Electron Beam Welding of Busbars for Electric Vehicles

Electron Beam Welding of Busbars for Electric Vehicles


Busbars are an essential component of an electric vehicle.

Typically made of conductive alloys such as aluminium, bronze, or copper, they distribute power between individual cells, as well as the battery packs to the motors.

CVE, designers and manufacturers of electron beam and laser welding process solution systems, have collaborated with TWI, membership-based research and technology organisation, to explore the feasibility of using the electron beam welding process for interconnection of cells and for joining busbars to the powertrain.

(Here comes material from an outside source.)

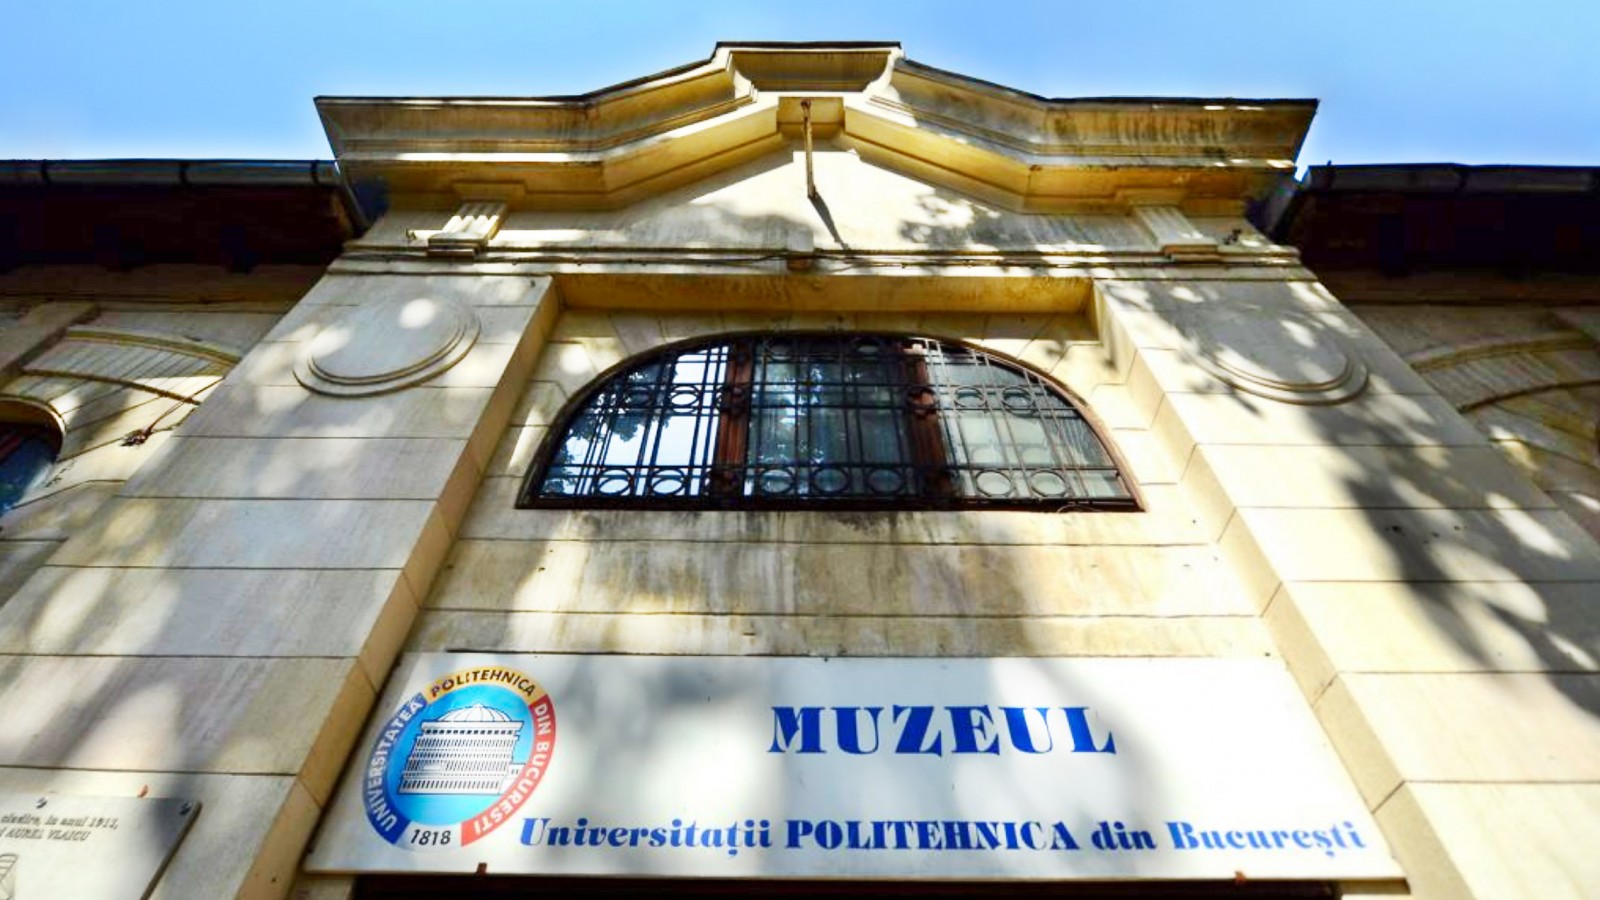 Muzeul Universitatii "POLITEHNICA"din Bucuresti

The structure of a typical electric vehicle battery pack starts as a cell. Designs vary across manufacturers, but the industry has settled on 21700 cells as standard.

Battery packs welded together with busbars, typically 60-100 cells, create a module, and multiple modules (6-40) make a pack.

The welded busbars are typically produced from copper with nickel plating.

This new design represents a challenge for OEMs. The components are rapidly developing and replacing traditional components that have been manufactured for hundreds of years.

The International Energy Agency predicts that there will be 230m electric vehicles worldwide by 2030, signalling an industry requirement for a high-quality, reliable, and quick welding process for battery pack production.

Wide Angle Deflection Electron Beam Welding

CVE and TWI ran a series of test welds using a method of wide-angle deflection electron beam welding.

Electron beam spot melting trials on a 450-micron steel sheet (bus bar battery tab) showed that the test welds achieved a consistent depth of up to 200 microns.


Figure 1. 60kV, 2mA, 2msec spots.


CVE and TWI successfully developed high-quality welds joining bus bars to battery cell samples.

The investigation also found electron beam welding to be a much quicker process in comparison to resistance and laser welding.

The typical time to manufacture one battery pack using resistance welding is 12,000 seconds and 1,260 seconds using laser welding. In comparison, electron beam welding has demonstrated a speed of just 189 seconds per battery pack, with anticipated developments expected to take this number closer to just 75 seconds per pack, representing a 99.38% time saving.

The weld time comparison across resistance, laser, and electron beam welding results are shown in the table below.


Time to weld one cell (4 welds) Time to manufacture one battery pack
Typical for resistance welding 4 seconds 12,000 seconds
Typical for laser welding 0.42 seconds 1,260 seconds
Demonstrated speed for electron beam 0.063 seconds 189 seconds
Anticipated electron beam development 0.025 seconds 75 seconds


Applications and Further Developments

There are many other advantages of electron beam welding for this application, including:

  • The weld quality is highly consistent
  • Electron beam welding is at least 10x faster than laser
  • There is no requirement for gas
  • Potential to implement vacuum load-lock systems
  • The vacuum chamber contains the welding process. This results in less spatter, so the welds are greatly more consistent than when using laser welding
  • An electron beam is less sensitive to reflectivity, the beam being a finely focused stream of electrons, rather than monochromatic coherent light (photons) like a laser
  • The vacuum environment closes micro-gaps, resulting in a stronger weld


Electron beam welding is already a well-established process for high-volume automotive components, such as turbochargers.

Production possibilities include implementing a vacuum load lock system, which would allow for high-speed cycles between assemblies, therefore resulting in very fast cycle times being readily achievable.